I wasn’t the one who needed to calm down.
It kept happening. Every crossing brought me back into the overgrown version — fighting off whatever had moved into that section of hallway — and then back again mid-step into the version where Hughes was trying very hard to keep it together. We made it to the Director’s office the long way.
The other version of the facility had Rafael in it.
I found him on one of the phases — hunkered down in the mess hall behind a counter, surviving on whatever he’d been able to find for what had apparently been months. He looked like a man who had stopped expecting to be found. We couldn’t stay in contact long before I phased back, but enough to understand: he was alive over there, alone, in a facility that the rest of the universe believed had been a near-miss.
The Director told me what the near-miss actually was.
There had been an incident in the high energy research lab. A problem with the experiment — something involving an artifact they’d been studying, something with unusual gravitational properties they hadn’t fully accounted for. Rafael had gotten to the controls and shut the system down before anything catastrophic occurred. It had cost him his life. He was dead, in her version of events. A footnote in what would have been a contained incident.
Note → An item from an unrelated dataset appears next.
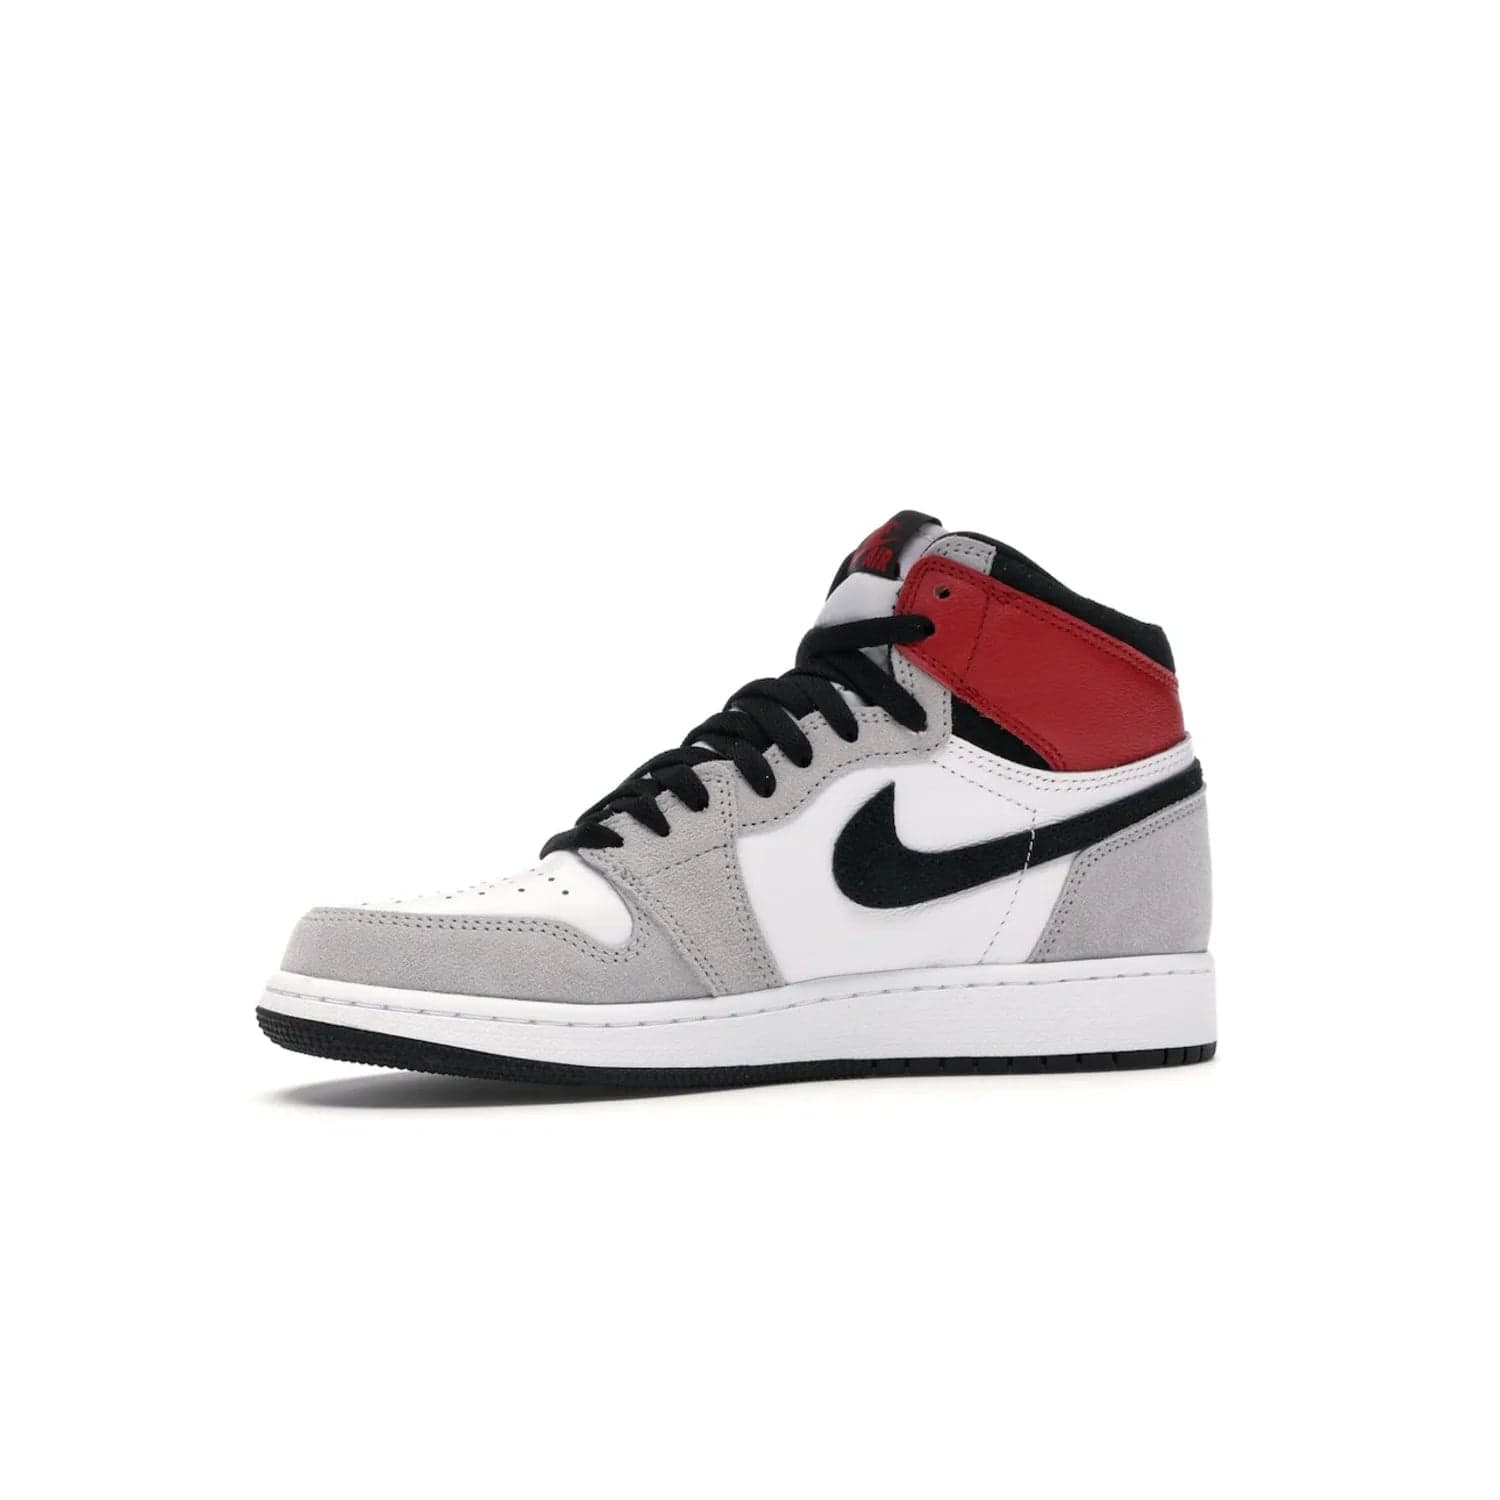 Jordan 1 Retro High Light Smoke Grey (GS) - Image 17 - Only at www.BallersClubKickz.com - Jordan 1 Retro High Light Smoke Grey (GS) features shades of grey, black, and Varsity Red with a bold silhouette. Premium white leather and suede overlays create a unique look. Released July 2020, offering style and performance. Perfect sneaker for any collector or fan.

The phasing, once we more-or-less understood it, had rules. Specific energy fields in the facility triggered the crossover — controllable, once you knew where they were. The task was clear enough: get to the high energy research lab, shut off the machine. The machine that was, as it turned out, still running, still experimenting on the artifact at the center of all of this.
I asked the Director what happened to the people on the other side if I shut it down from this one.
She was quiet for a moment. She said that most likely, I couldn’t save both. That given the choice — if it were just her — she’d trade places with Rafael without hesitation. But it wasn’t just her. She had people. People who were alive and who deserved to stay that way.
Hughes’ people had robots to deal with — security systems that had gone autonomous when the incident hit. Rafael’s version had the fauna. Neither was gentle. I moved between them as the energy fields allowed, fighting one reality’s problems and then the other’s, working my way toward the test chamber.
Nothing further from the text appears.